I put her in the shade.  My husband and I redid our front garden ourselves. I went right out in my front yard and made it go from a weed patch to a flower garden full of bees and butterflies and now I am meeting nice neighbors and collecting compliments!  Turns out my bully isn't so popular around here LOL, and many people like me because we bought a foreclosure and made it look much better,  one of them told us we upgraded the neighborhood.

Trauma, if we live it is likely thatwe will suffer them, in some form.  Most of us get past the traumas in time, with help of supportive friends and family. I have.  And the good news is, if we can get past them, they make us stronger.  

The hard part is getting past trauma.  For me the key is turning toward positive things in life, to distract myself from the bad things.  For me, gardening is a very positive thing.  The love of family or a friend can be a very positive and healing thing also.  Love of animals, art, beauty, anything that takes your mind to a higher plane of thought and distracts from things you dislike and fear can elevate your mind and spirit and temporarily then permanently heal the mind from trauma, though a scar remains.


If someone suffers from PTSD, they probably need help to recover their peace of mind and tranquility.  They need patience, reassurance, love and understanding, just like we all do.  They also need a little bit of a break sometimes, because they may come off a little testy, or grumpy, but really, they are just trying to deal with things the best they can.  Maybe they just need someone to listen to their stories again and again until they don't come up so often, and fade away.  Maybe they need someone to let them know it will be ok.  Drugs or pills or alcohol or a suicide are not the answer, but that is what some sufferers reach for.

What they may need is a someone to reach out to them, hold their hand or give them a big hug, just a hug from someone who cares.

If you have suffered PTSD, or have had a trauma, here you go (((((HUG)))))) Everything will be alright, no matter what.

Here is an easy 4th of July manicure in support of all PTSD sufferers, I wish you freedom from your pain as soon as is possible!

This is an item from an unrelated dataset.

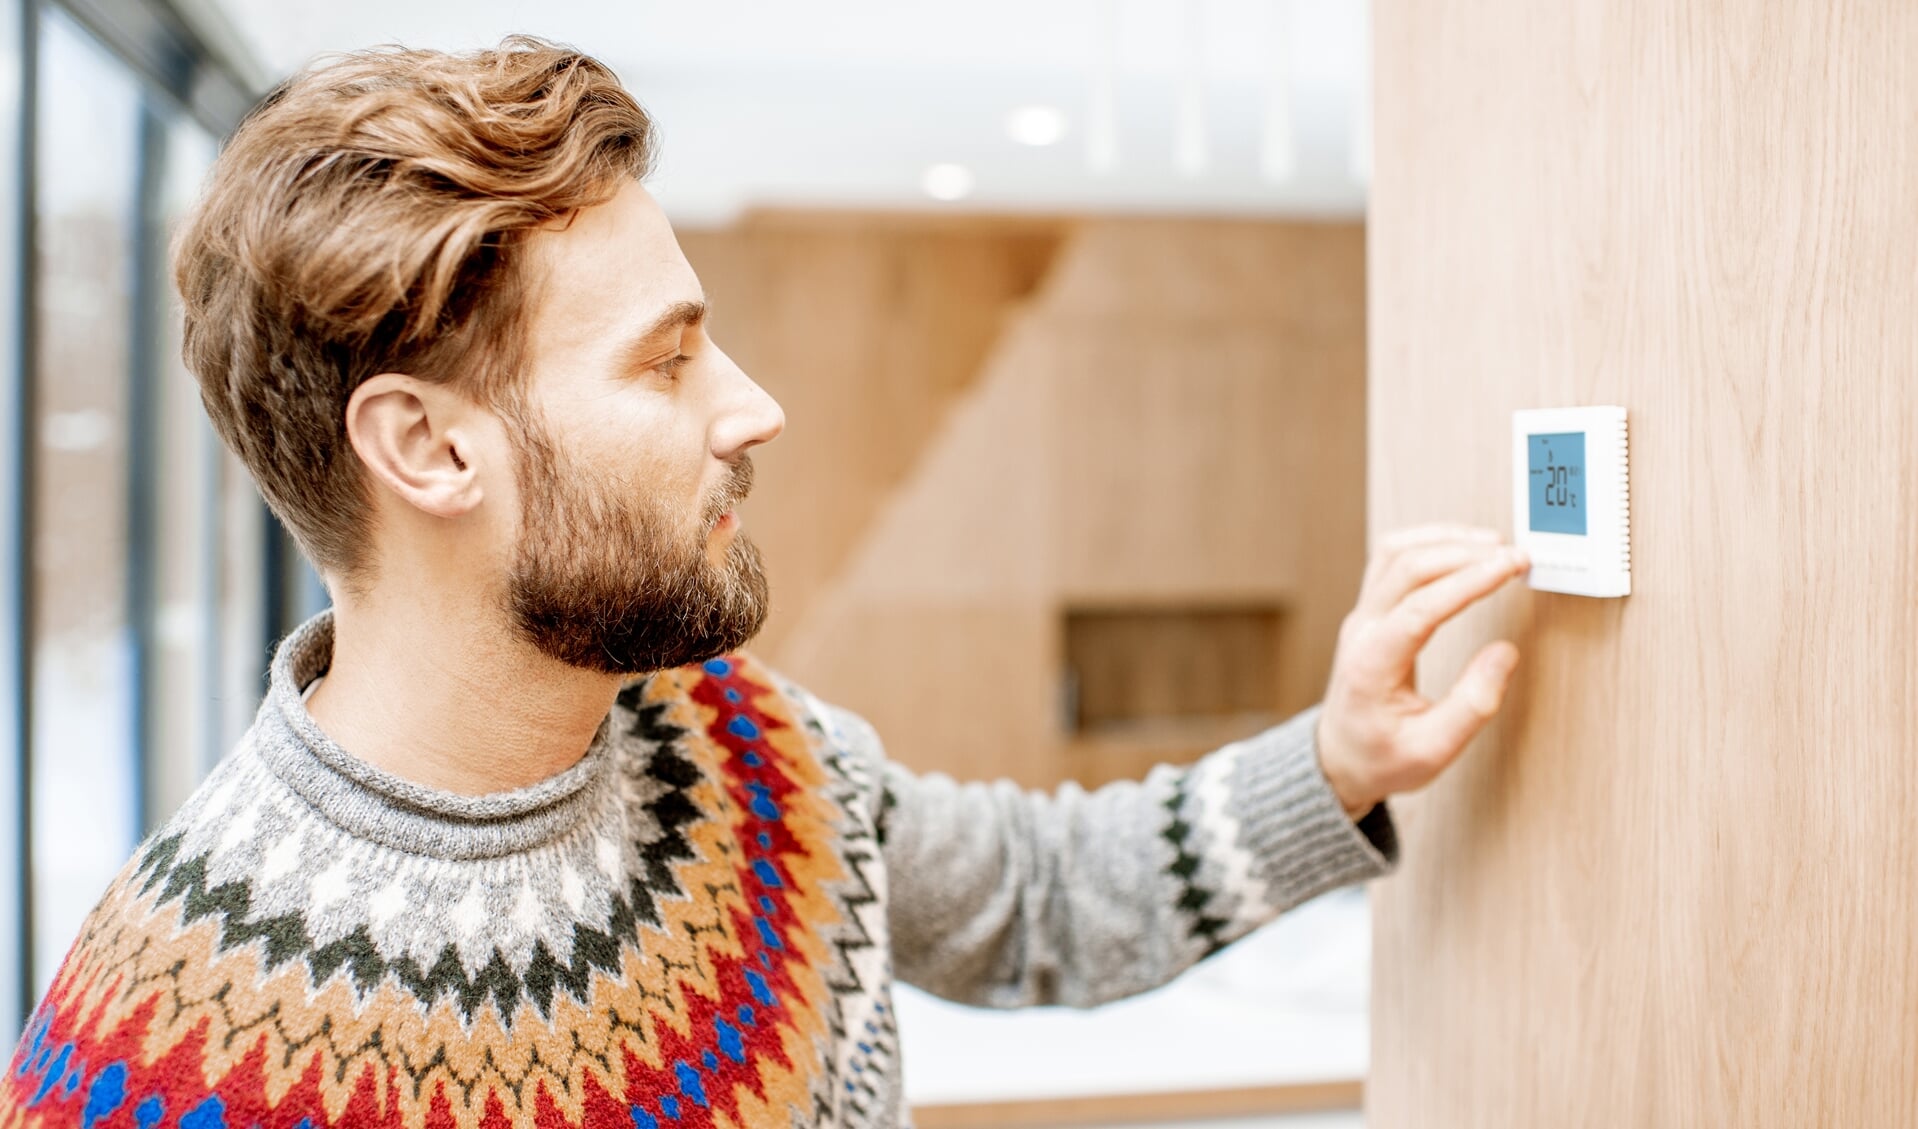 Man in sweater feeling cold adjusting room temperature with electronic thermostat at home

I used:

Wet n Wild White Creme
Opi Pink Shatter
OPI Blue Shatter
Fergie Hollywood Walk of Fame
Fergie New Year's Kiss
Icing Patriotic

I am holding a  new scarf I got at Forever 21, though it is too hot to wear it for the 4th, I thought at the time it was a better idea than a flag t shirt. Plus I couldn't find one I liked : /




My right hand. I hope you forgive my mess, I just wanted to show the cool nail cracks I got there too, I didn't have patience for clean up.